And the lights fade. 

 

Mickey’s triumph was complete when reviews of the show came back glowing.  Briefly, Mickey had equaled his son—no, surpassed him, for Jack was always and would always be a “secondary artist.”  This was Mickey’s language, used by Jack in interviews, used by Mickey during Jack’s boyhood.  A secondary artist: one who does not create but interprets.  An actor.  A director or musician.  Not an author, screenwriter, composer.  Mickey had created something, and it wasn’t half bad, after all.  Yet Jack, who’d gotten no advance notice of the show and had found out about it the way the rest of the world found out about it, for Mickey had intended the show as a surprise to his son, was disgusted. 

“It’s pornographic, Dad.  You’re using my childhood to make money.”
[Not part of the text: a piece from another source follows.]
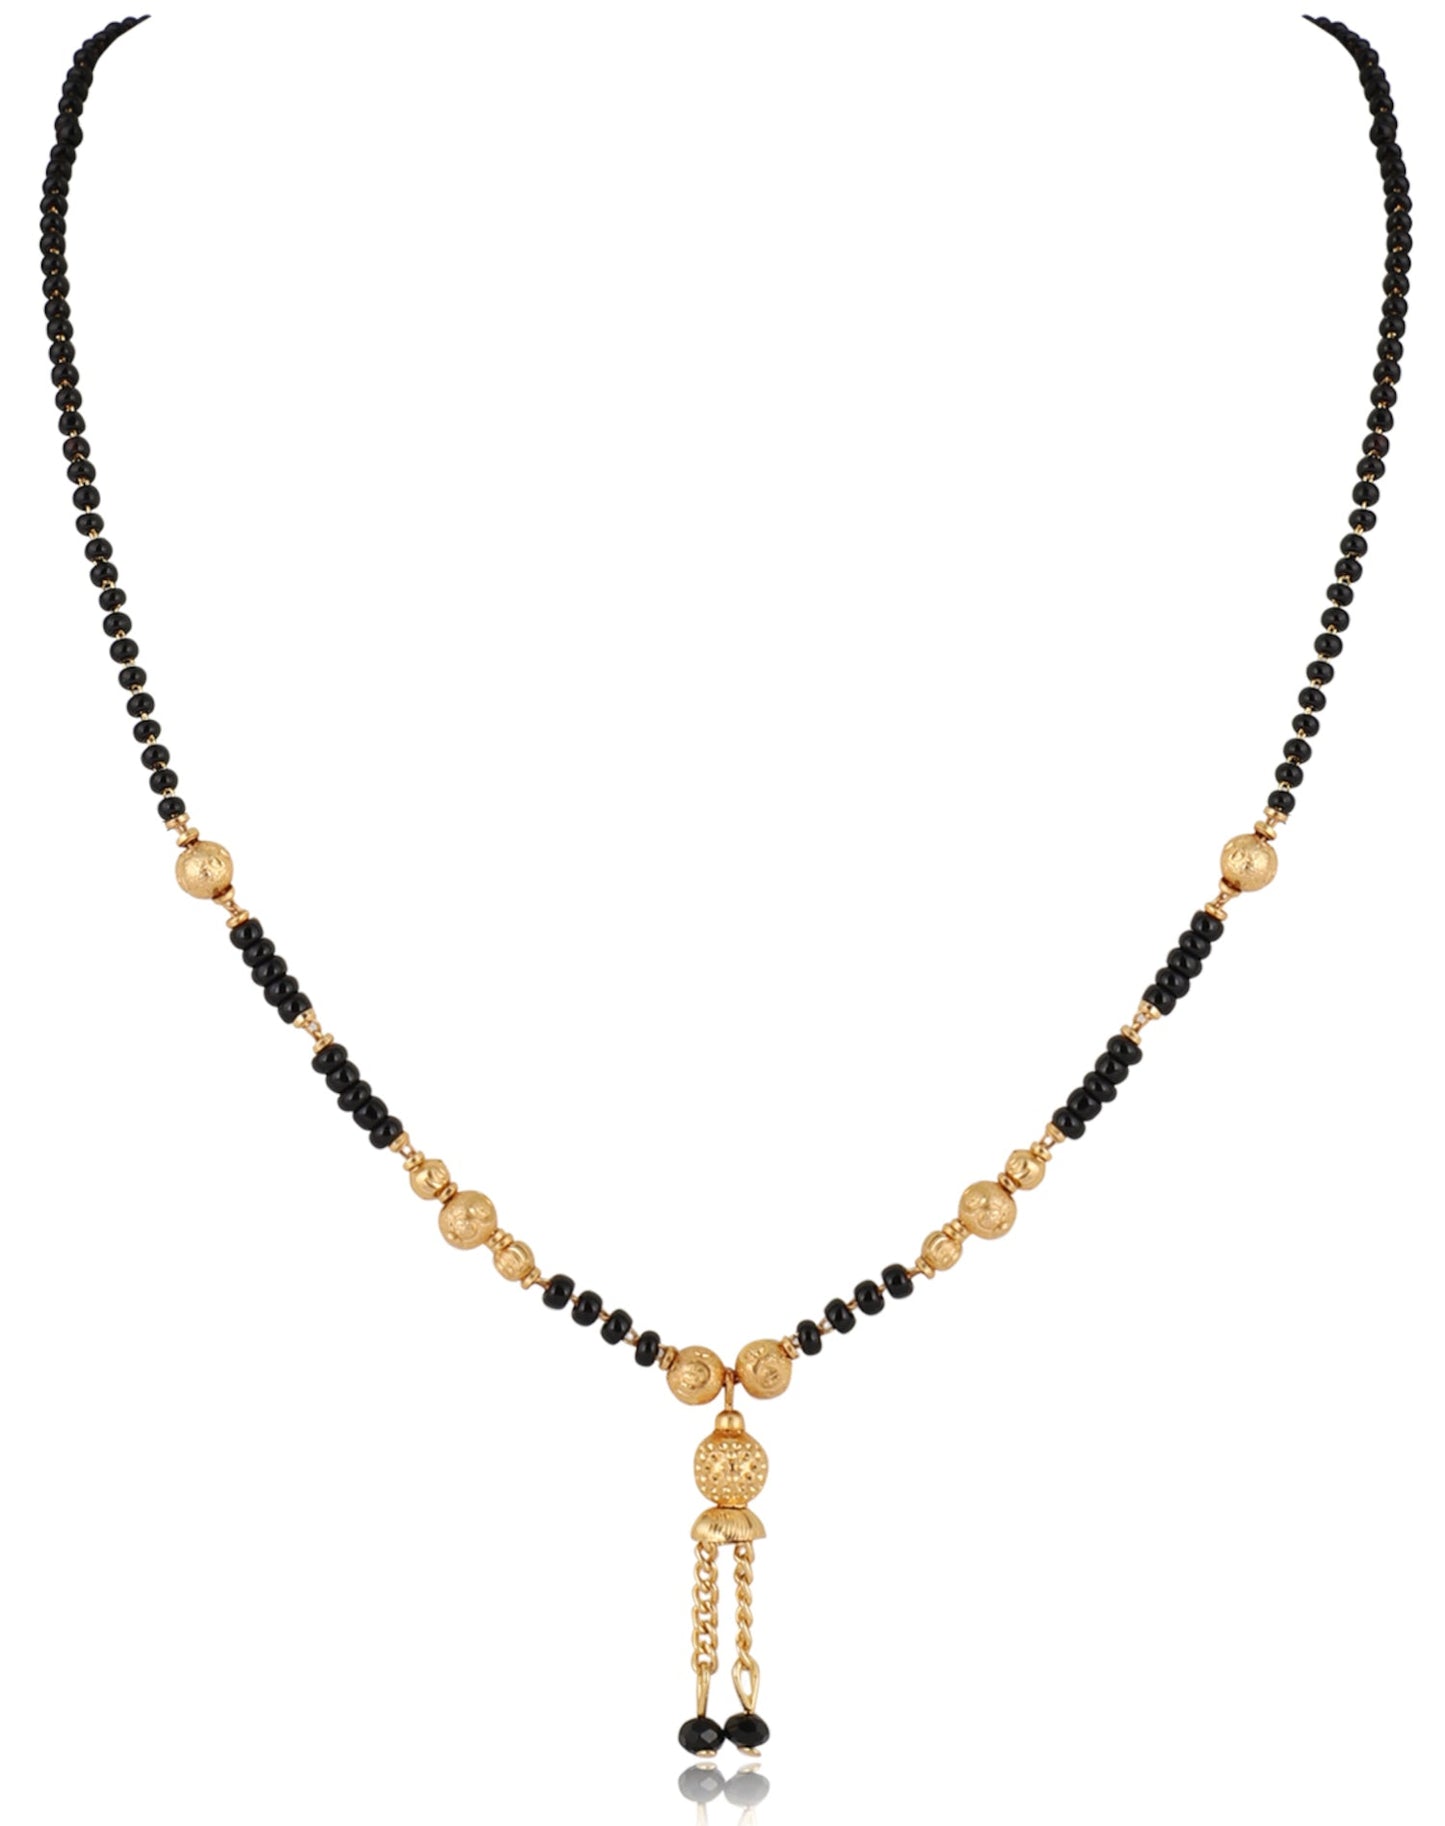 Traditional Gold Plated Mangalsutra | Buy This Jewellery Online from Mekkna
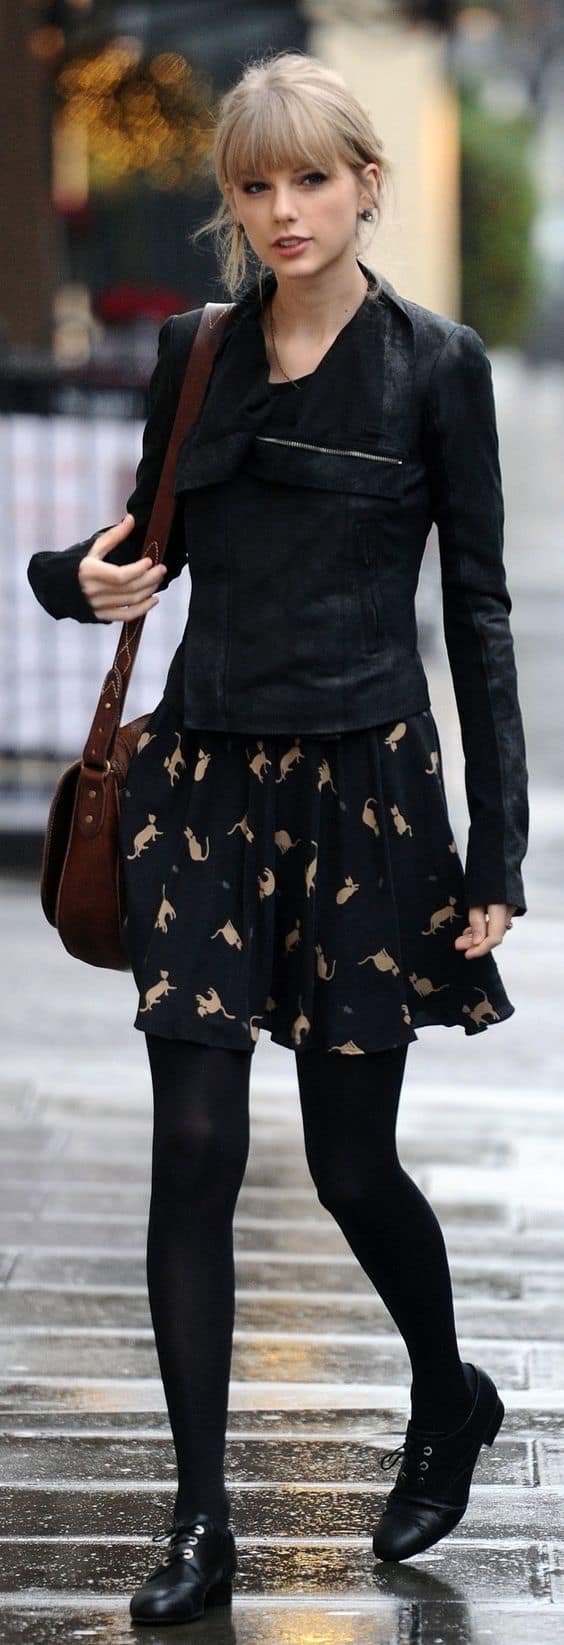 how to wear black oxford shoes and skirt

“I don’t need money,” Mickey laughed.  “This isn’t the reaction I expected, I have to say.“

“You don’t need money?  Are you me, now?  Is that the implication?”

“Excuse me?”

“Don’t tell me you don’t need money.  You’re a retired state college professor on one pension.  Of course you need money.”

“I don’t need money the way your aunt needs money, the way your mother needs money.”

“Aunt Jaime whores herself to rich men, but if you were where I am, you’d understand how easy and necessary that can be.  And Mom remarried.  Don’t bring her into this.  She’s better off than you.”

“She remarried, yes, an asshole.”

“An asshole with a pension to double up her own.”

Mickey’s son was ten thousand miles away, on location in Eastern Europe, his exact place undisclosed—not because Jack couldn’t say but because they hadn’t gotten (and would not get) to that point in the conversation.  All Jack had told Mickey about his location was, “The connection may be bad.”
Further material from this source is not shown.